Amy Varle CF (born  1986) is an entrepreneur from the Greater Manchester town of Bury, working to improve the access of people who are homeless to housing.

After a period of employment in a housing role for local government, in 2013 Amy founded People's Property Shop, a business which helps people to find and rent their own homes.

In 2016, Amy was awarded a travelling fellowship from the Winston Churchill Memorial Trust, in partnership with the National Housing Federation. As a result, she was able to research and in January 2018 publish the research report Social Property Investment : Pioneering strategies for 21st century homelessness prevention and response, which on 25 January 2018 she presented to Prime Minister Theresa May.

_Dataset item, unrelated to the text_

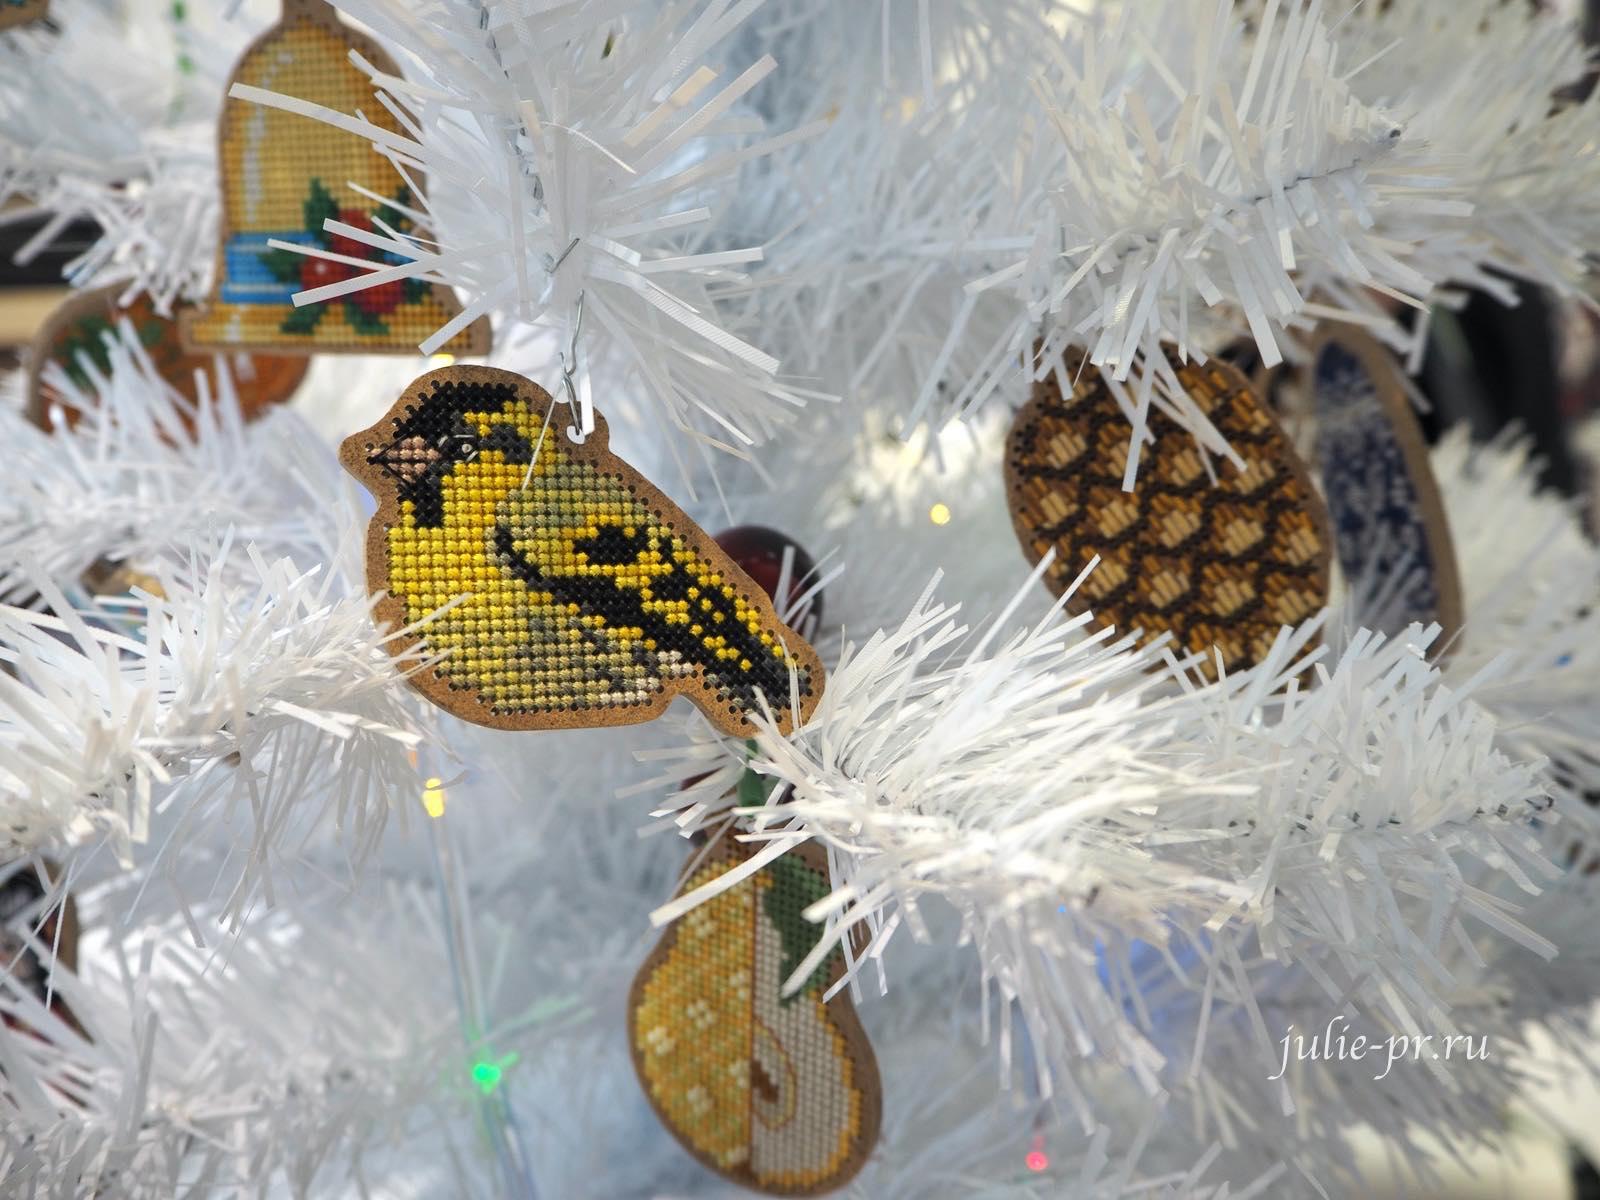 Дивная вишня, вышивка крестом по дереву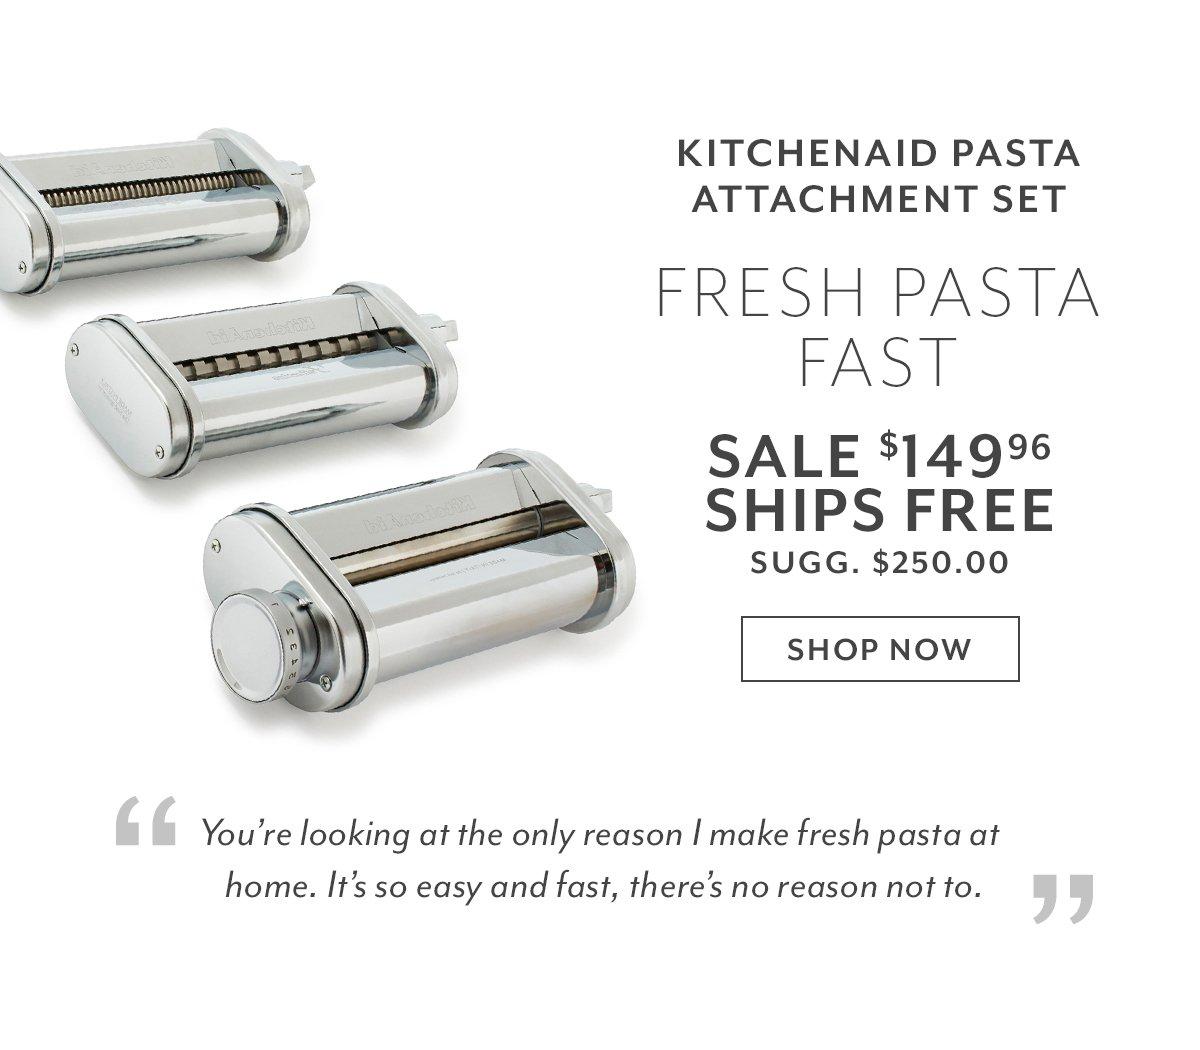 KitchenAid Pasta Attachment Set

Early life and experience of homelessness 
Varle was made homeless at the age of 16 as a result of family issues. She lived, for ten months, in a hostel for young people, before being found a council flat. Her experience led Varle to work in a housing and homelessness role in local government.

People's Property Shop 
In 2013 Varle set up the business People's Property Shop, with the help of a £4,000 grant from the government Start Up Loans Scheme, based on her own experiences working in local government housing departments. She described the rationale behind the business as one of bridging the gap between people in housing need and landlords with properties to rent:

"“I realised that renting from private landlords was often not an option for people on benefits because letting agents were wary of slow payments and the paperwork involved. What People’s Property Shop does is support both parties to make the relationship work smoothly. We understand the issues facing both landlords and prospective tenants and can match them according to need.”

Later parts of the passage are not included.